D&T Safety Partnership
A structured approach to workshop safety, training and maintenance throughout the year.
Introducing the D&T Safety Partnership Scheme
Schools often address workshop safety only when a concern arises. This can lead to large amounts of training being arranged at short notice, disruption to teaching, and significant one-off costs. Individual consultancy days can be effective, but they often come as a reactive response rather than part of a planned approach.
The D&T Safety Partnership Scheme is designed to provide a more structured and supportive alternative. Instead of arranging isolated training days, schools work within a planned programme across the year, with agreed dates and predictable costs.
While much of the training delivered through the partnership focuses on health and safety, it is always linked directly to real classroom practice. By understanding the projects your department runs and the schemes of work you teach, training can focus on the specific machines, tools and processes your pupils actually use.
This ongoing partnership also allows support to extend beyond safety training when needed. Sessions can focus on areas such as introducing new specifications, supporting staff transitioning into workshop teaching, or ensuring that equipment and machinery are properly maintained.
The aim is to move workshop safety from being an occasional concern to becoming a planned, integrated part of how the department operates throughout the year.
1) Choose the focus that fits your department
The partnership is tailored around one (or a blend) of the following needs:
H&S and Maintenance – a rolling schedule of staff training alongside workshop checks and planned maintenance.
Art to D&T Teacher Transition – support for teachers moving into workshop-based teaching, including essential safety training linked to the projects they will deliver.
D&T to 3D Design Transition – support for departments moving towards a 3D Design route, ensuring safe practice remains embedded while teaching and assessment approaches change.

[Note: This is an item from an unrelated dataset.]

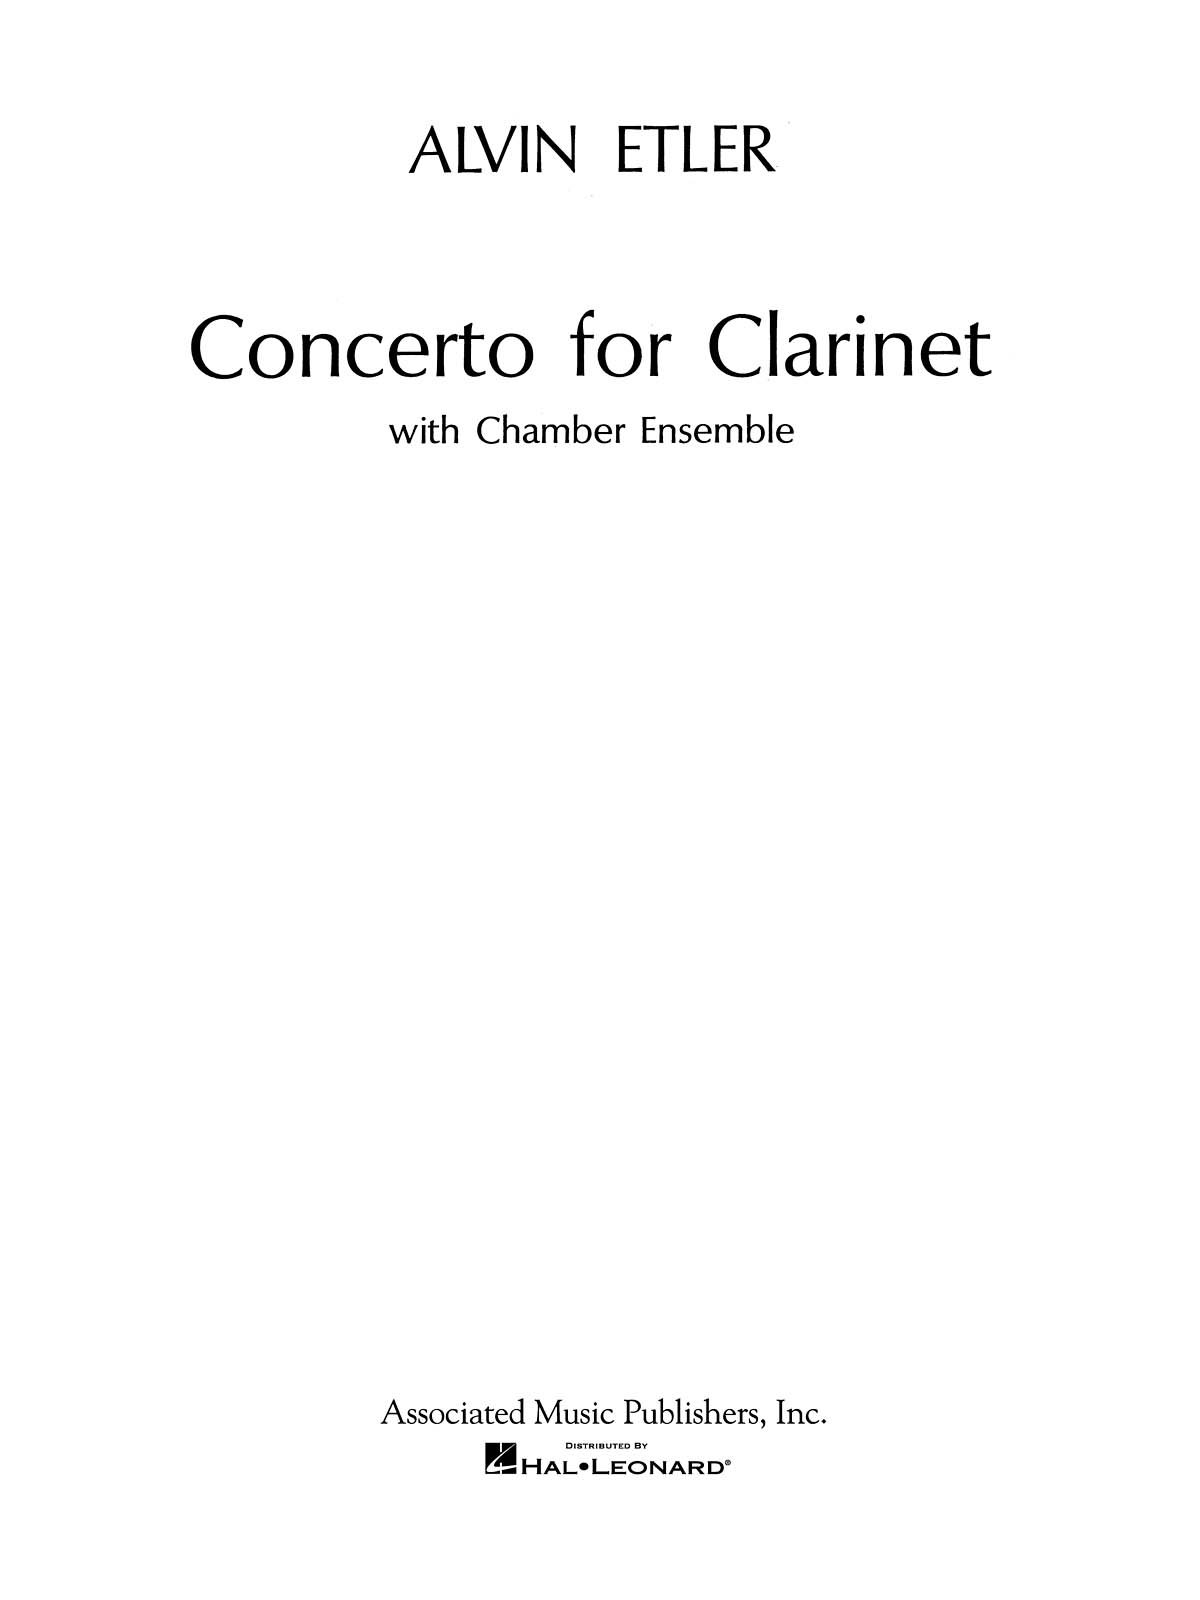 Alvin Etler: Concerto for Clarinet and Chamber Ensemble

New Head of Department Support – practical help putting robust systems in place: safe working practice, risk assessment routines, staff competence tracking and workshop organisation.
2) A planned annual schedule
The partnership is delivered through a predictable cycle across the year:
Summer Term (last two weeks of term)
You receive two days of H&S or CPD. This is typically used to build staff confidence before the summer break and to prepare for any changes to projects, staffing or workshop routines for the year ahead. Where appropriate, this can include targeted training for new staff or teachers transitioning into D&T/3D workshop practice.
Summer Holiday (start of holidays)
A Safety Audit is carried out at the start of the holidays. This provides a clear snapshot of current workshop practice and identifies any actions needed. Schools typically use this audit to set priorities for the year ahead and to ensure any issues are addressed before students return.
Summer Holiday (during the holidays)
Workshop Maintenance is scheduled during the holiday period, allowing machines to be checked and adjusted without disruption to teaching. Where required, maintenance can be linked directly to the findings of the audit so that any practical issues are resolved while the workshop is quieter and access is easier.
Autumn Term (last week of term)
You receive one further day of H&S (or CPD). This is often used as a mid-year check-in: refreshing safe working routines, addressing any new staff needs, or tightening up practice once the year is underway.
Spring Term (last week of term)
A final one day of H&S (or CPD) provides a spring review point, supporting consistency and ensuring staff remain confident and current in workshop safety practice. This is also a good point in the year to refine paperwork, routines and supervision approaches ahead of summer practical work and assessment deadlines.
3) Training that links directly to teaching
Where the partnership includes CPD, it is assumed that much of it will be safety-led, but delivered through real classroom practice. That means training is shaped around:
the projects you actually run,
the machines and processes pupils are using,
and the way your department teaches and assesses practical work.
Over time, this approach allows training to be more specific, more relevant, and far easier to embed than a one-off generic session.
4) Discounted evening support throughout the year
Alongside the scheduled days, partner schools have access to discounted evening support consultancy throughout the year. This is designed for the kinds of issues that don’t justify a whole day but still need expert input — for example, quick guidance on safe practice, troubleshooting workshop routines, or targeted support with a specific machine/process.
5) Clear outcomes and documentation
The partnership is designed to leave schools with clear, usable outputs rather than vague advice. Depending on your school’s priorities, this may include:
an audit summary with recommended actions,
a training record for staff sessions delivered,
and a plan for maintenance and follow-up items.
This helps departments demonstrate a structured approach to workshop safety and staff competence over time.
6) Cost Effective
The partnership is also designed to be a cost-effective alternative to reactive consultancy. When safety concerns arise unexpectedly, schools often end up booking multiple training days in quick succession, which can be disruptive to teaching and difficult to budget for. By planning support across the year, departments can spread training, review and maintenance in a manageable way while avoiding the need for last-minute intervention.
A structured programme also allows training and support to be more targeted and efficient. Because time is spent understanding how your department works — including the projects taught, machines used and staff experience — sessions can focus on the areas that genuinely need attention rather than repeating generic guidance. This makes each visit more valuable while helping departments maintain safe and consistent workshop practice over time.